FEM Indonesia, Jakarta – Himpunan Perawat Critical Care Indonesia (HIPERCCI) DKI Jakarta resmi melantik jajaran pengurus baru periode 2026–2031 dalam acara Pelantikan dan Rapat Kerja Wilayah (RAKERWIL) yang berlangsung di Auditorium RS YARSI, Minggu (10/5/2026).
Kegiatan berlangsung khidmat dan penuh semangat kebersamaan sebagai langkah awal kepengurusan baru dalam menjalankan roda organisasi selama lima tahun ke depan.
Prosesi pelantikan dipimpin langsung oleh Ketua HIPERCCI DKI Jakarta, Hendrik, SKp, dan disaksikan perwakilan HIPERCCI Pusat, Ns. Turiman, S.Kep., M.Kep., Sp.Kep.MB., FISQua. Sebanyak 30 pengurus resmi dilantik berdasarkan Surat Keputusan (SK) kepengurusan periode 2026–2031.

Momentum tersebut menjadi tonggak awal bagi HIPERCCI DKI Jakarta untuk memperkuat kontribusi organisasi terhadap peningkatan kualitas pelayanan kesehatan, khususnya di bidang keperawatan kritis dan intensif.
Dalam sambutan dan arahannya, Hendrik menegaskan pentingnya komitmen, sinergi, serta koordinasi antarpengurus agar organisasi mampu bergerak lebih progresif dan adaptif terhadap tantangan pelayanan kesehatan.
“Seluruh pengurus harus mampu bekerja secara aktif, profesional, dan saling mendukung dalam menjalankan program-program organisasi ke depan. Kunci utama dalam membangun HIPERCCI DKI Jakarta adalah semangat kolaborasi antar tim, baik internal maupun eksternal agar lebih maju, inovatif, dan bermanfaat bagi profesi perawat kritis dan intensif,” ujar Hendrik.

Usai pelantikan, agenda dilanjutkan dengan RAKERWIL yang turut dihadiri jajaran HIPERCCI Pusat. Dalam arahannya, Ns. Turiman menekankan pentingnya inovasi organisasi di tengah persaingan dunia pendidikan dan pelatihan kesehatan yang semakin dinamis.
Menurutnya, HIPERCCI harus mampu menghadirkan nilai tambah dan menjaga kualitas unggul, terutama dalam penyelenggaraan pelatihan keperawatan kritis dan intensif.
“Pengurus juga diharapkan bekerja berbasis manajemen kinerja yang terukur, fleksibel, dan berorientasi pada capaian target atau KPI yang telah ditetapkan,” ungkapnya. Lebih lanjut, Turiman menyebut HIPERCCI DKI Jakarta memiliki potensi besar untuk menjadi “center of gravity” atau pusat penggerak organisasi secara nasional.

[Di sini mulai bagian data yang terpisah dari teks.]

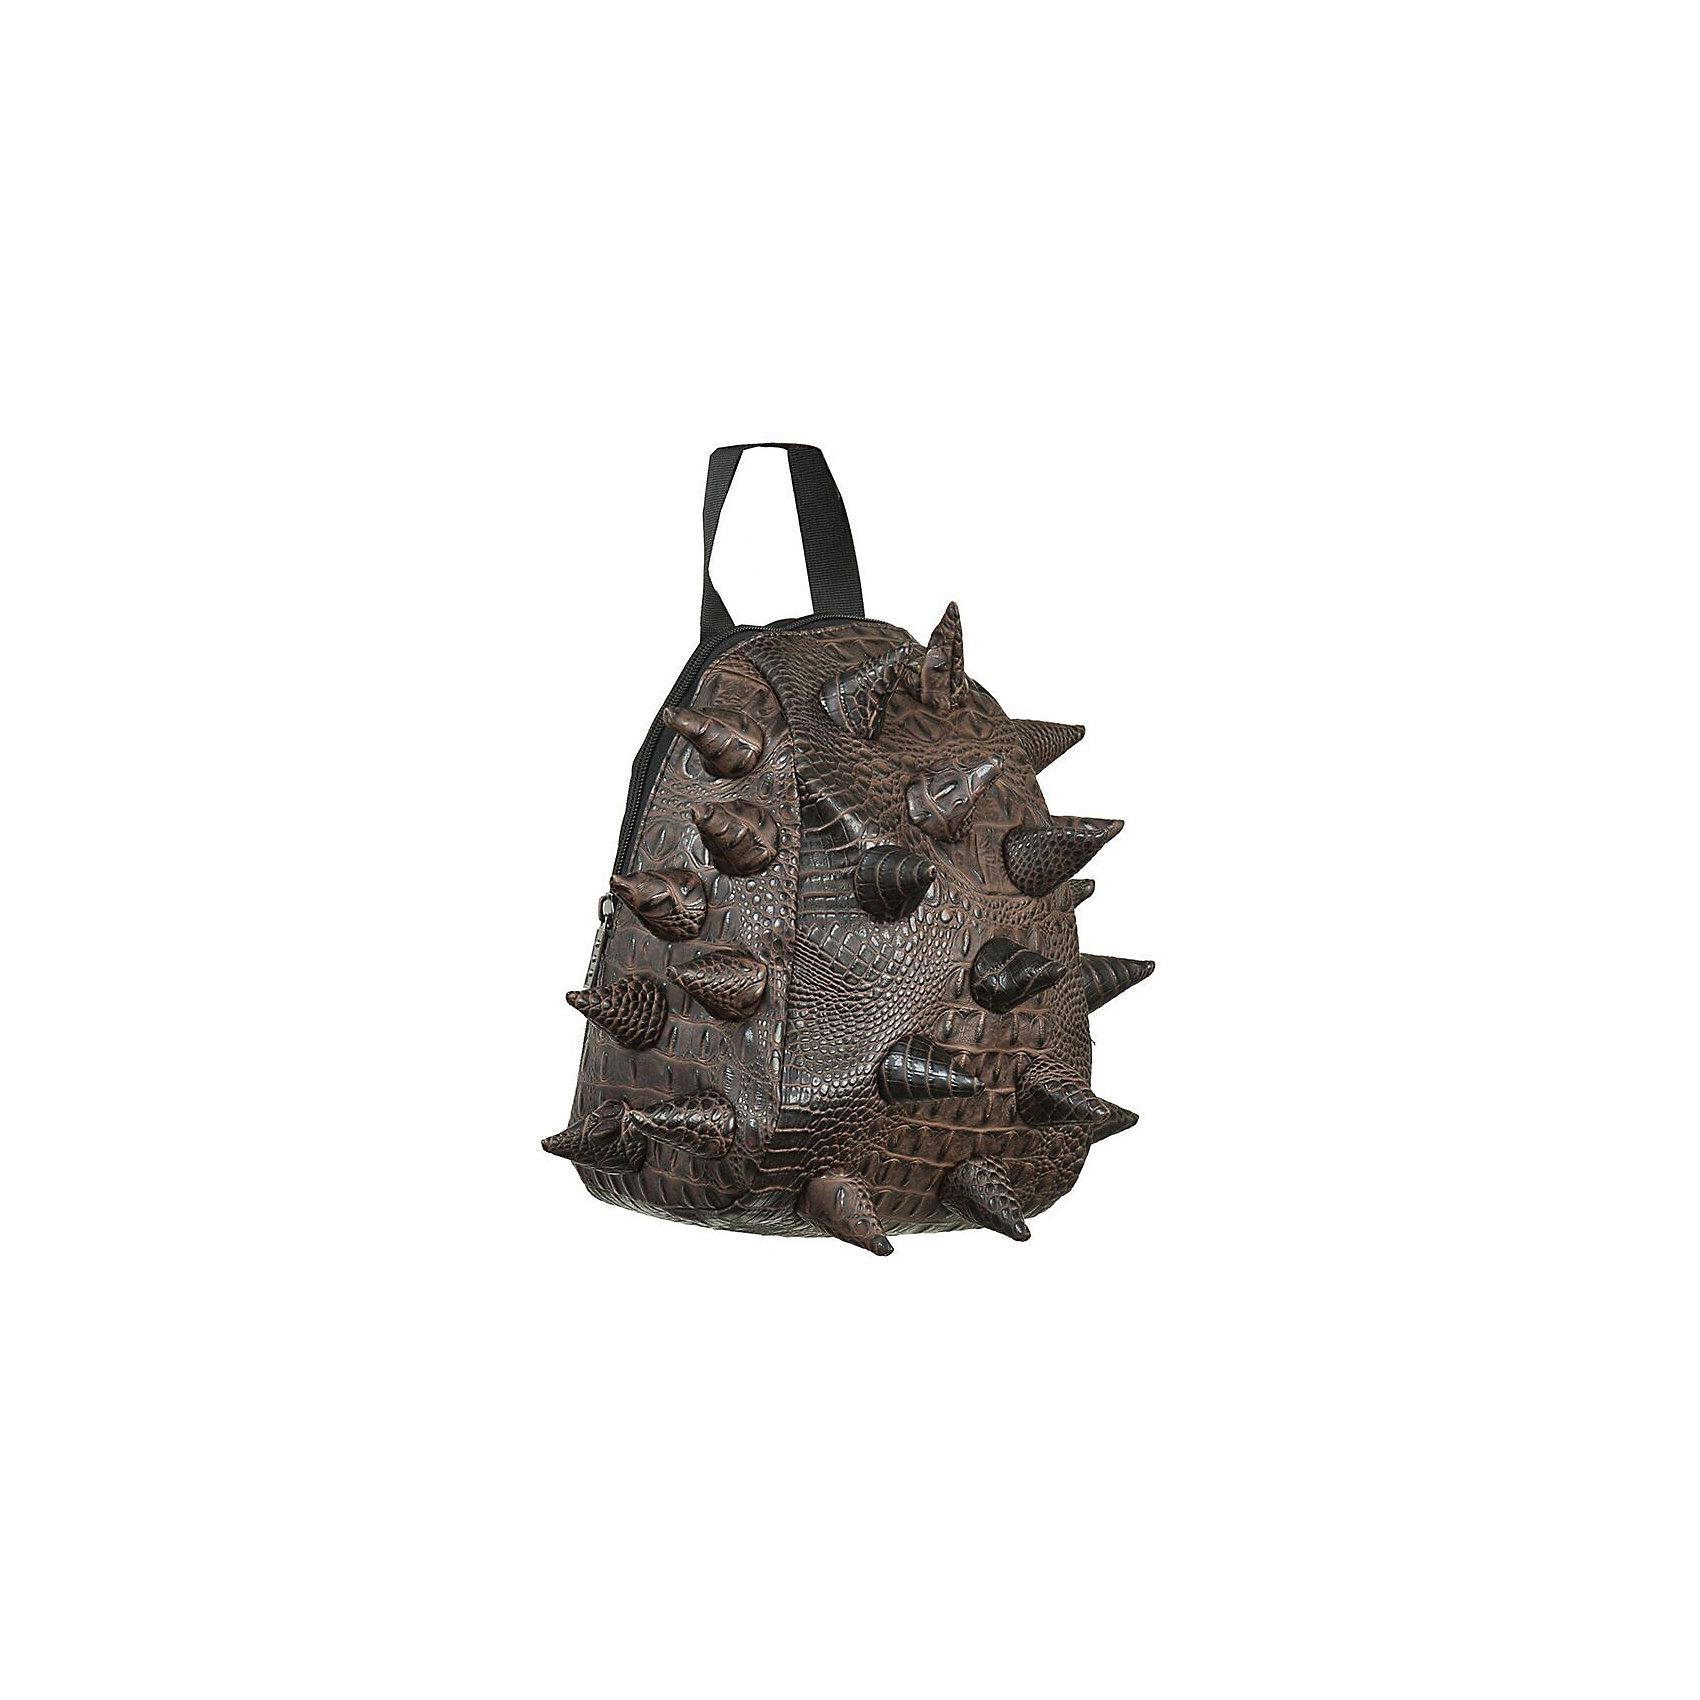 Сумка (ланч-бокс) Gator Nibbler, цвет Jurassic Brown (коричневый)Детские сумки<br>Вес: 0,2 кг<br>Размер: 30х23х15 см<br>Состав: ланч-бокс<br>Наличие светоотражающих элементов: нет<br>Материал: поливинил<br><br>Ширина мм: 300<br>Глубина мм: 230<br>Высота мм: 150<br>Вес г: 200<br>Возраст от месяцев: 0<br>Возраст до месяцев: 720<br>Пол: Унисекс<br>Возраст: Детский<br>SKU: 7054098

Ia menilai posisi strategis Jakarta sebagai pusat ekonomi nasional dengan jumlah rumah sakit terbanyak di Indonesia menjadi peluang besar dalam pengembangan pendidikan, pelatihan, serta penguatan peran HIPERCCI di tingkat nasional.
“HIPERCCI DKI Jakarta harus mampu menjadi center of gravity bagi perkembangan organisasi secara nasional. Ini menjadi peluang besar untuk menjadi motor penggerak HIPERCCI di seluruh Indonesia,” katanya.
Rangkaian kegiatan RAKERWIL juga diisi dengan sidang komisi yang membahas pemaparan serta pengambilan keputusan program kerja dari masing-masing bidang kepengurusan untuk periode 2026–2031.
Setiap bidang mempresentasikan program strategis sebagai bentuk komitmen dalam mendukung pengembangan organisasi dan peningkatan kompetensi anggota.
Kegiatan ditutup dengan pengesahan hasil RAKERWIL, penyerahan keputusan sidang, serta sesi foto bersama sebagai simbol kekompakan dan semangat baru pengurus HIPERCCI DKI Jakarta dalam membangun organisasi yang lebih aktif, profesional, inovatif, dan berdaya guna bagi perkembangan keperawatan kritis di Indonesia.